Assignment: Transcribe the stretch of entries below from the line with "MEMORIA RAM CORSAIR" through the line with "หวั่นเศรษฐกิจยุโรปถดถอย เงินยูโรร่วงต่ำสุดรอบ 20", exactly and with both ends included; leave out all other lines.

Extracted data:
····················

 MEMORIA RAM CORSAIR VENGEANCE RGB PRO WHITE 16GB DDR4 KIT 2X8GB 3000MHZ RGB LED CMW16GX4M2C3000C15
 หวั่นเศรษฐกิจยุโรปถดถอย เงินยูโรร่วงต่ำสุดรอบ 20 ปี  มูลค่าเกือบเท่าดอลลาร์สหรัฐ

····················

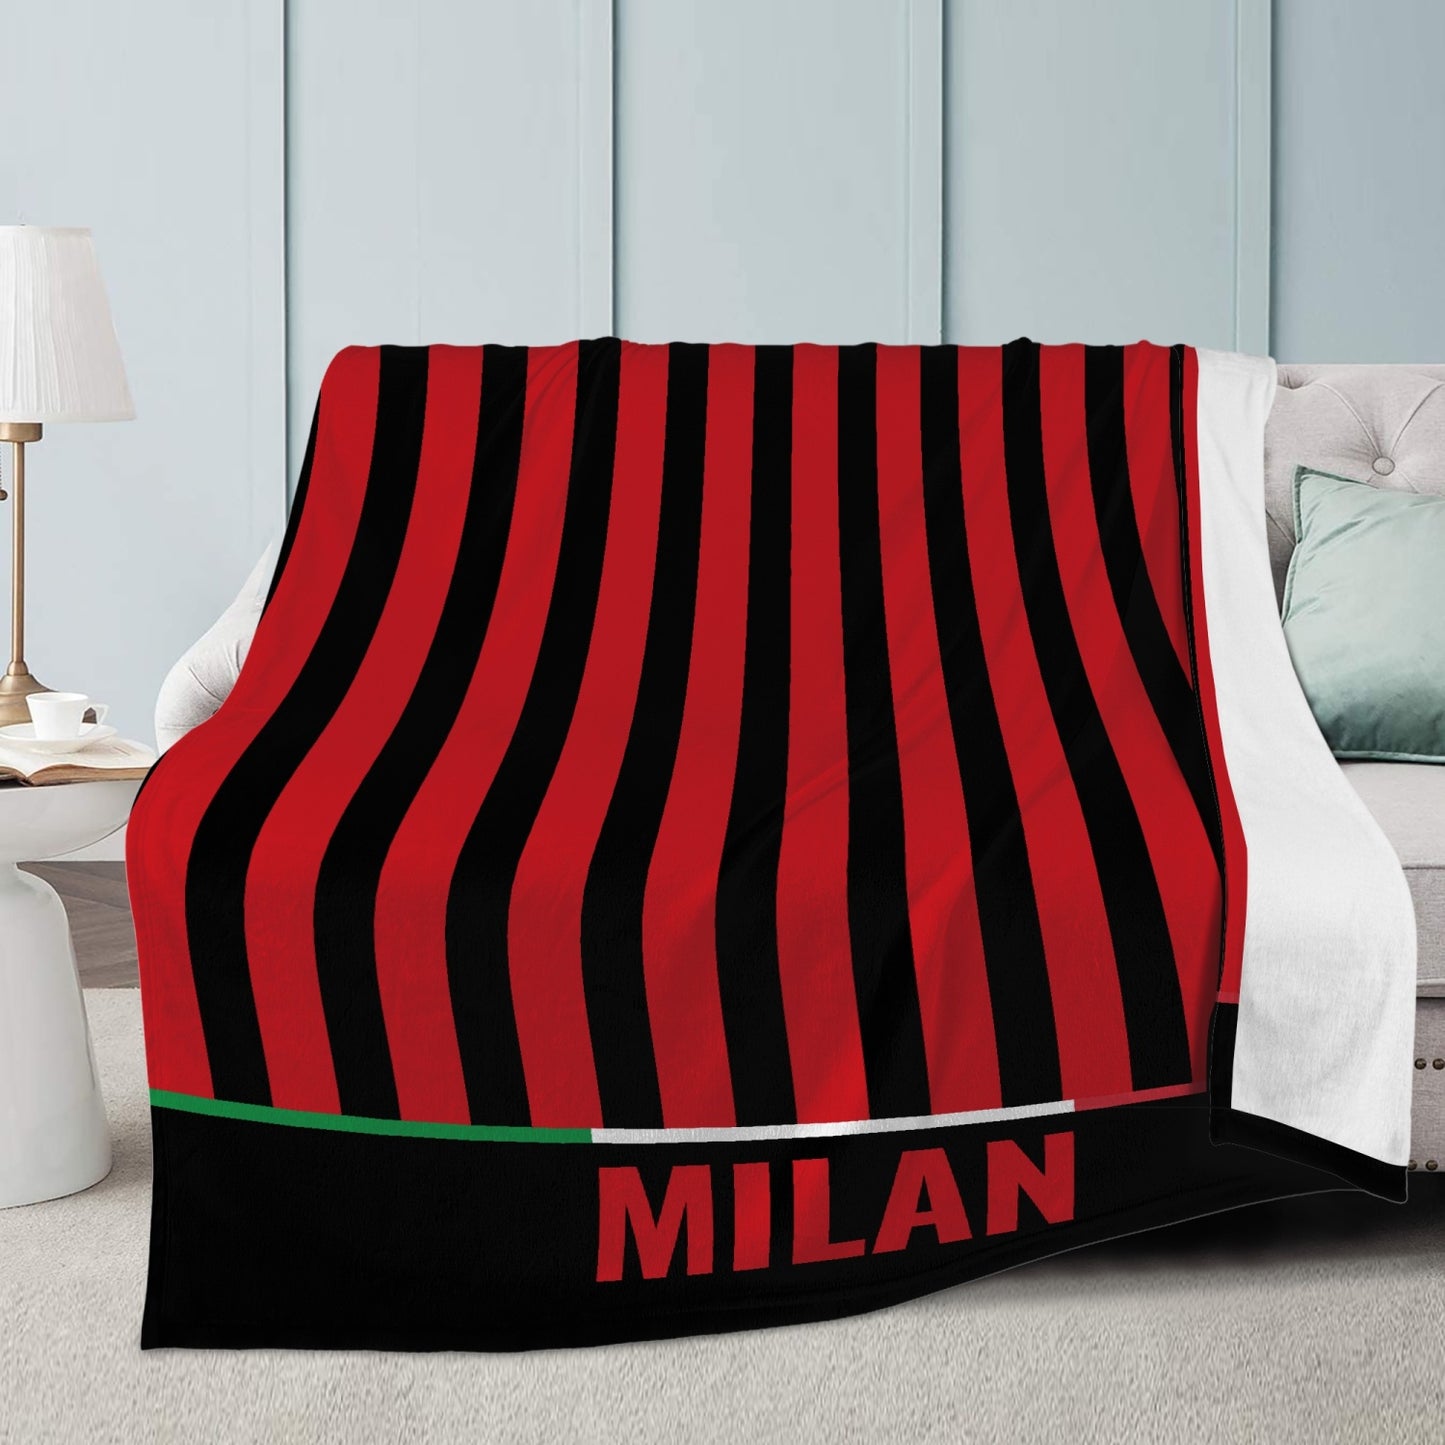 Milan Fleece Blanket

····················

Problem solution:
 MEMORIA RAM CORSAIR VENGEANCE RGB PRO WHITE 16GB DDR4 KIT 2X8GB 3000MHZ RGB LED CMW16GX4M2C3000C15
 หวั่นเศรษฐกิจยุโรปถดถอย เงินยูโรร่วงต่ำสุดรอบ 20 ปี  มูลค่าเกือบเท่าดอลลาร์สหรัฐ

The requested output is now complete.